The Ark Experience is an invitation to African Americans who feel the pull toward something deeper — a reconnection to who they are, where they come from, and what they are here to do. Drawing on sacred and contemplative practices from across spiritual traditions, it offers a structured space to reground identity, revitalize faith, and step into one's fullest self.

"What have I carried?
What am I now free to build?" — The Ark Experience

Why This. Why Now.

A Wound That
Demands a Response

The United Nations has recognized the transatlantic slave trade as a crime against humanity — a rupture so total it severed African peoples from language, ancestry, spiritual practice, and a continuous sense of self. No other group of Americans carries this particular wound.

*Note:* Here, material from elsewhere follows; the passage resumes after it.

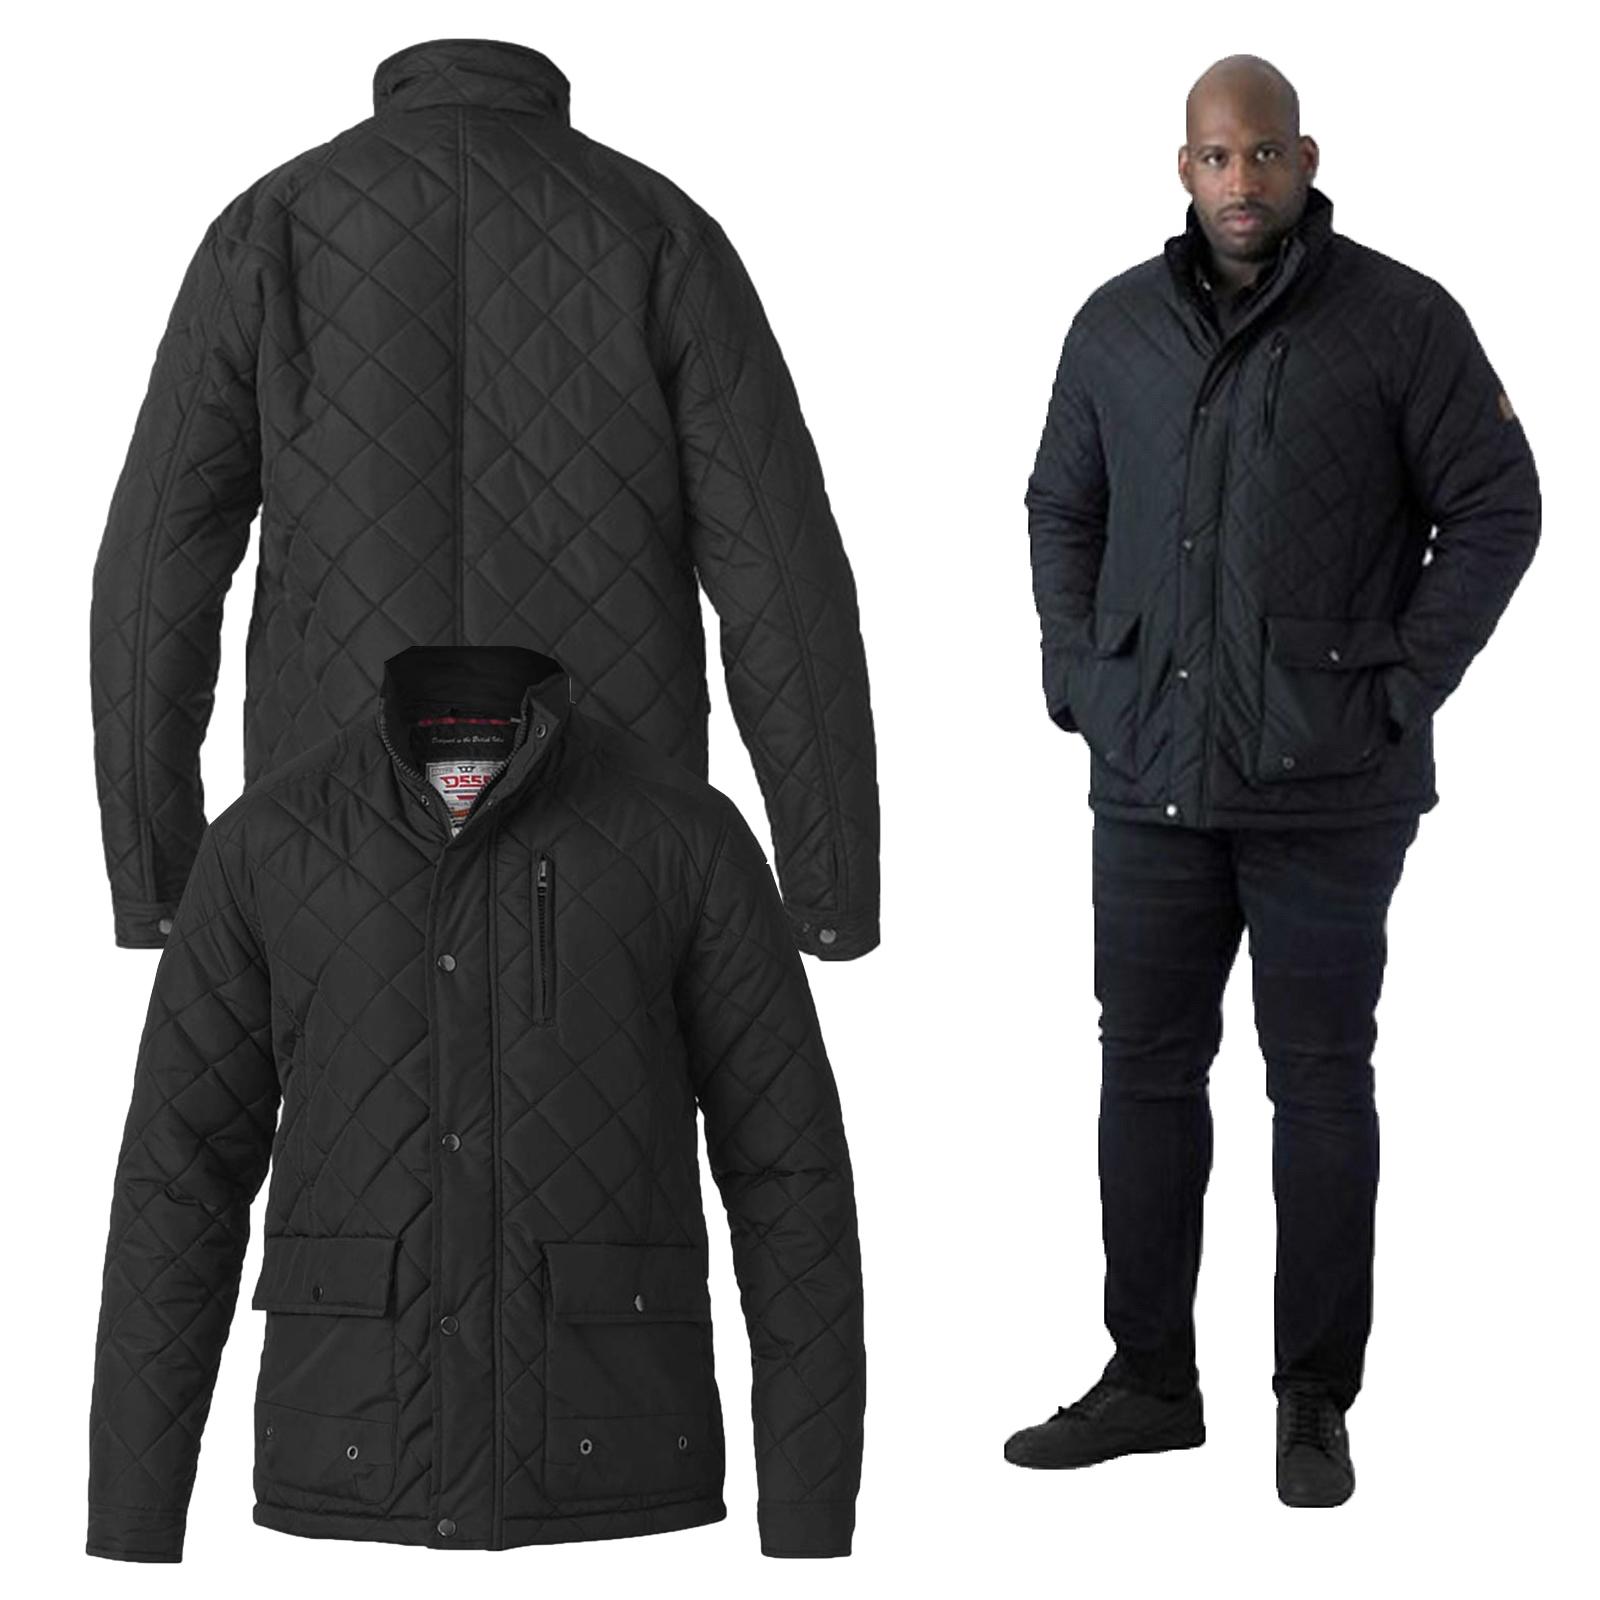 Adults Mens Kingsize Full Zip Hoodie Sweat Top Hooded Pockets Big Plus Size 52

The consequences are not merely historical. They live in the body, in the family, in the questions African Americans carry about who they are and where they belong. Existing formation programs were not built to hold this.

The Ark Experience was. It is a direct response to the rupture — a structured, spiritually grounded journey that moves through lament and remembrance toward re-rooting, reclamation, and the full expression of one's purpose and potential.

400+
Years since the first Africans were enslaved in colonial America
12.5M
Africans forcibly transported across the Atlantic
370
Days — the length of Noah's journey on the Ark, and the length of this transformational Experience
Woman at the water edge at dawn
I
Awakening
Bay Area, California
Mothers of Gynecology sculpture Montgomery
II
Remembering
Montgomery, Alabama
Senegal sunset through palm trees
III
Becoming
Senegal, West Africa
Community gathering in ceremony
IV
Being
Yearlong Integration

Who This Journey Is For

Called, Curious,
and Ready to Cross

The Ark Experience is not for everyone — and that is by design. It asks something real of those who board.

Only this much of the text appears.